Six Key Factors to Narrow the Global Energy Transition Gap
PwC propose six key factors to narrow the global energy transition gap:
1. Generation Gap: Between 2016 and 2021, a total of 1,282 GW of renewable energy capacity was added to the energy system to assist in power generation globally. Additionally, the International Energy Agency (IEA) anticipates the addition of another 2,400 GW of renewable energy capacity between 2022 and 2027. However, to achieve the goal of net-zero emissions by 2050, the generation capacity of renewable energy must increase by over 27,000 GW.
2. Grid Gap: All electricity generated from sources like offshore wind and solar panels must be delivered to end users worldwide through the infrastructure of the electrical grid. To achieve this, substantial investments are required in the foundational infrastructure for power transmission and distribution globally. Over the past decade, the average annual investment in grid infrastructure has been approximately $300 billion worldwide.

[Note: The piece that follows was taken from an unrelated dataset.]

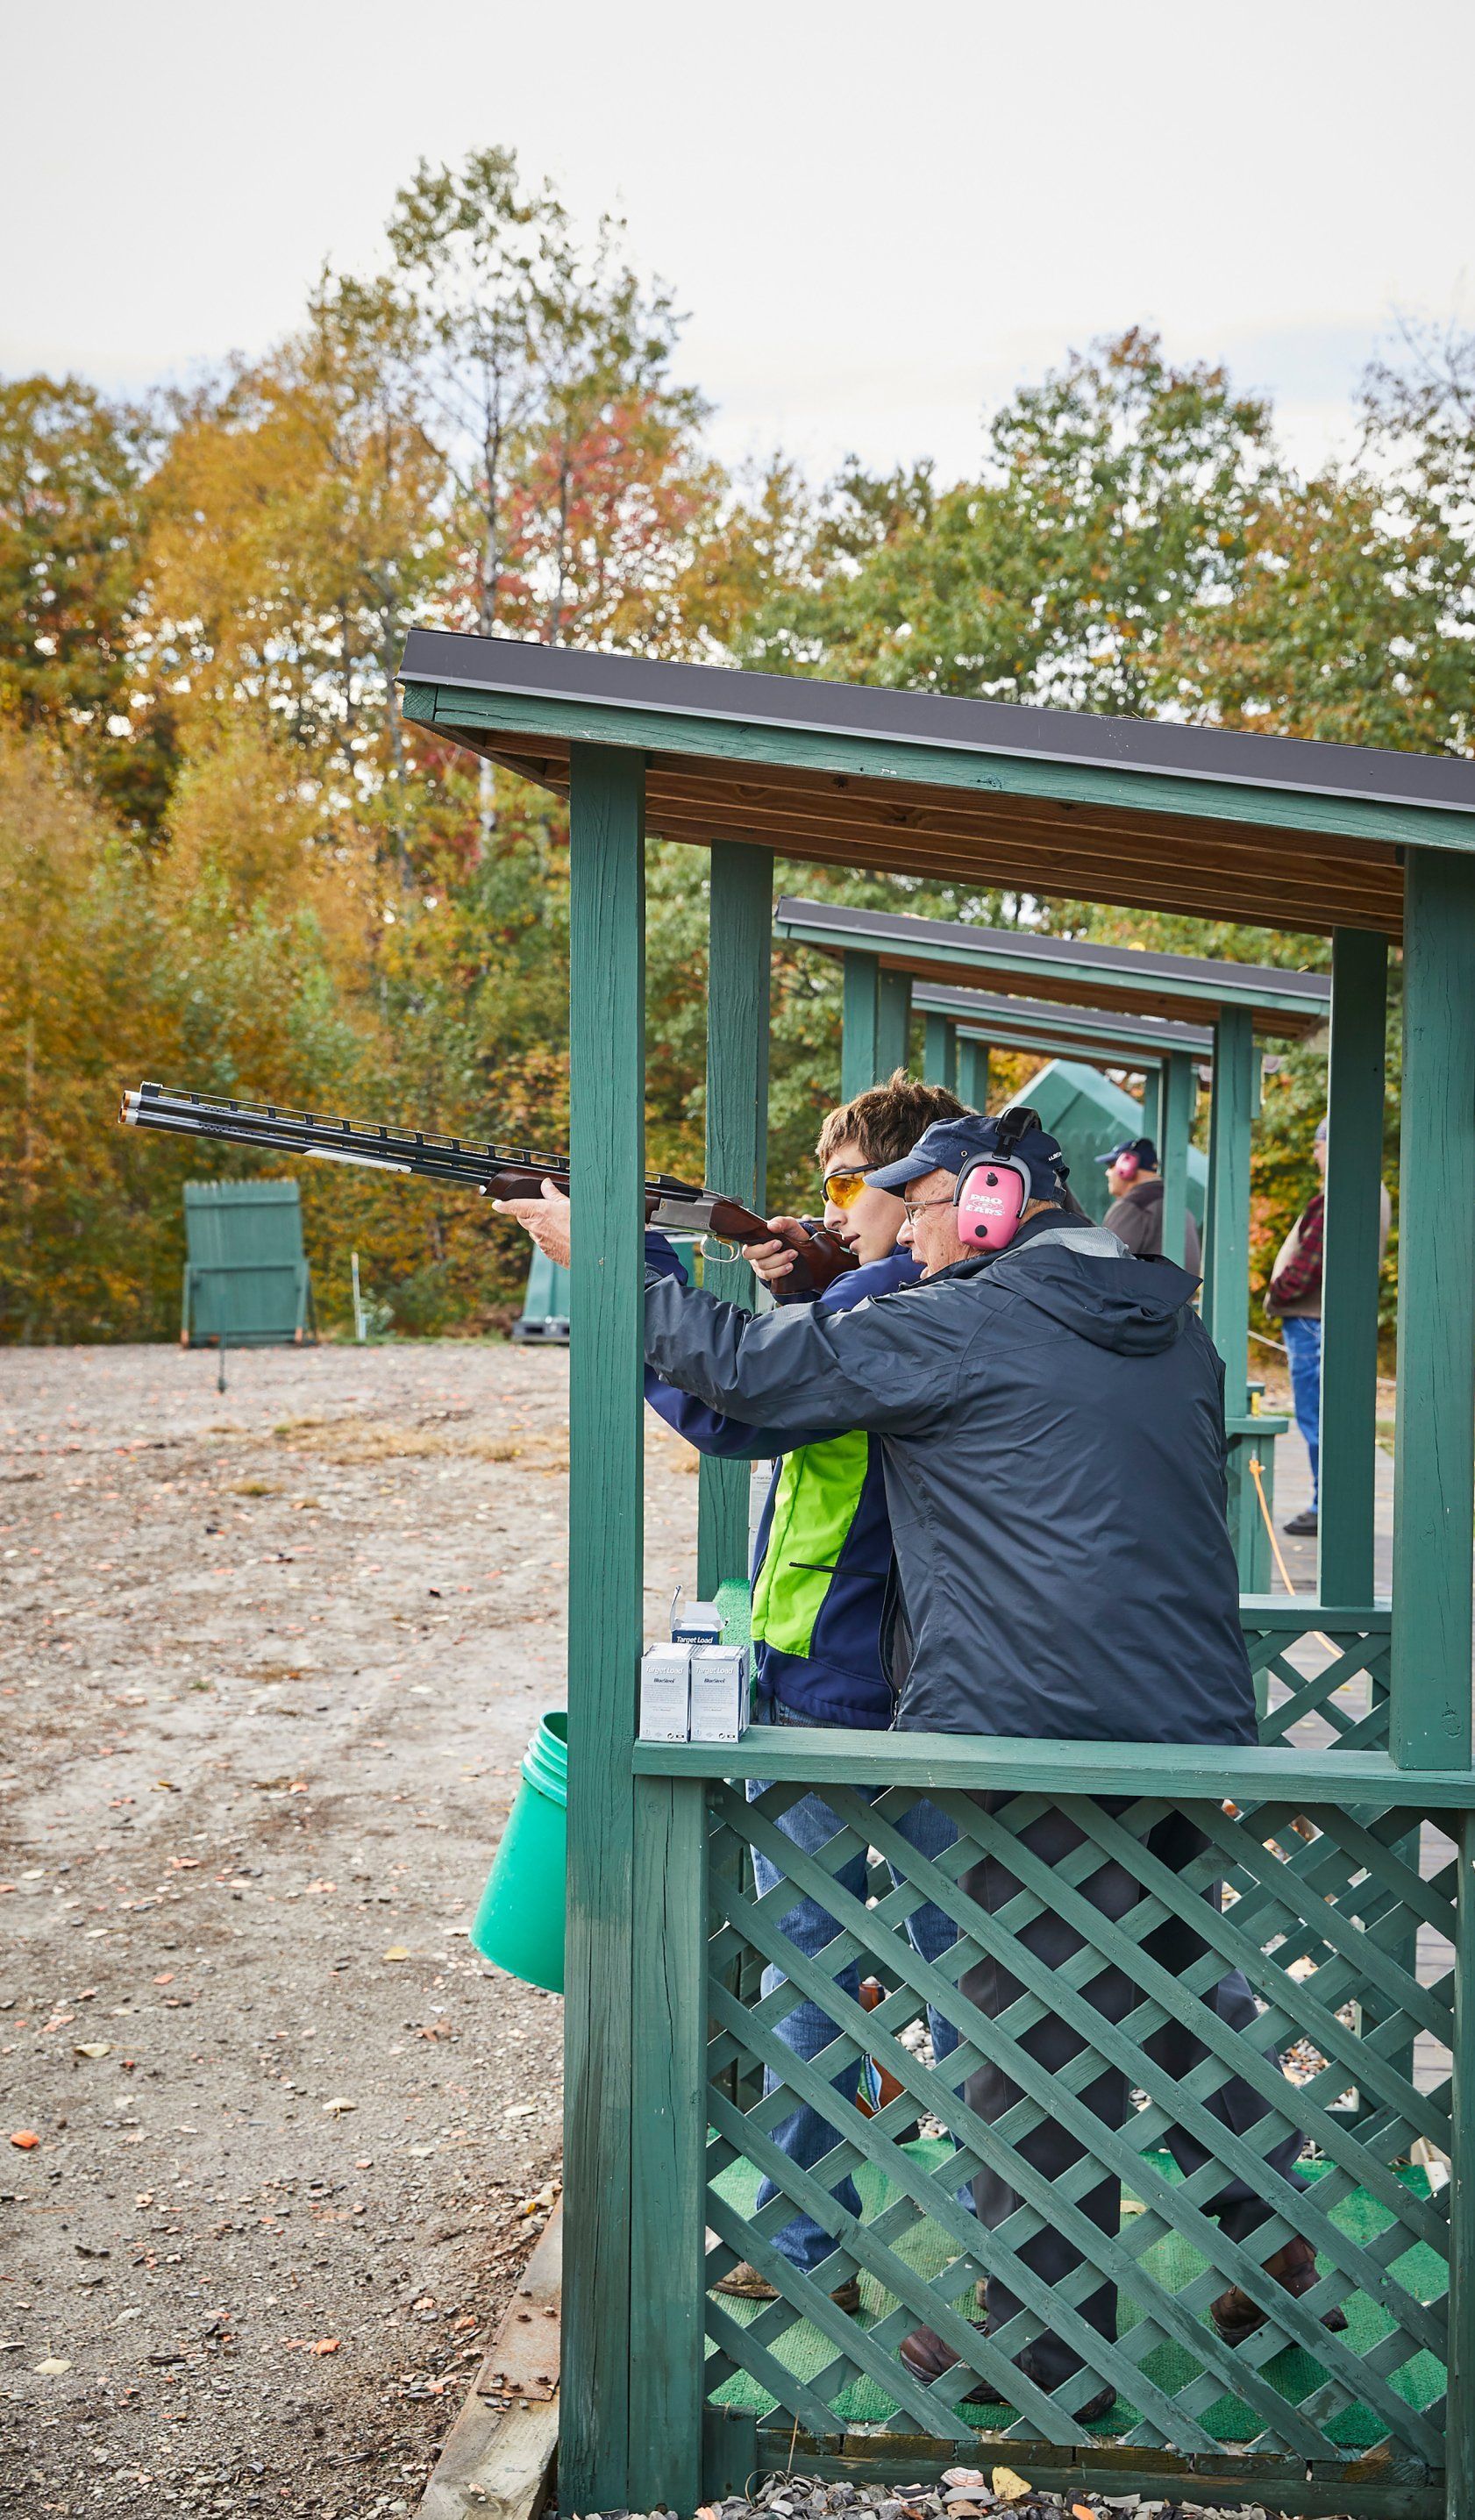 5-stand sporting clays course at L.L.Bean in Freeport, Maine.

IEA estimates that by 2030, annual investments in the grid infrastructure must reach a level between $560 billion to $780 billion to meet the net-zero emissions goal by 2050. Furthermore, the challenges of complex technologies, labour shortages, and material scarcity must also be overcome in grid development.
3. Storage Gap: Electricity generated from renewable sources like solar and wind is intermittent, making energy storage particularly crucial. According to the IEA's statistics, in 2022, a total of 16 GW of grid-scale battery storage capacity was installed globally. To achieve the net-zero emissions goal by 2050, the average annual addition of new grid-scale battery storage capacity must exceed 80 GW between 2022 and 2030.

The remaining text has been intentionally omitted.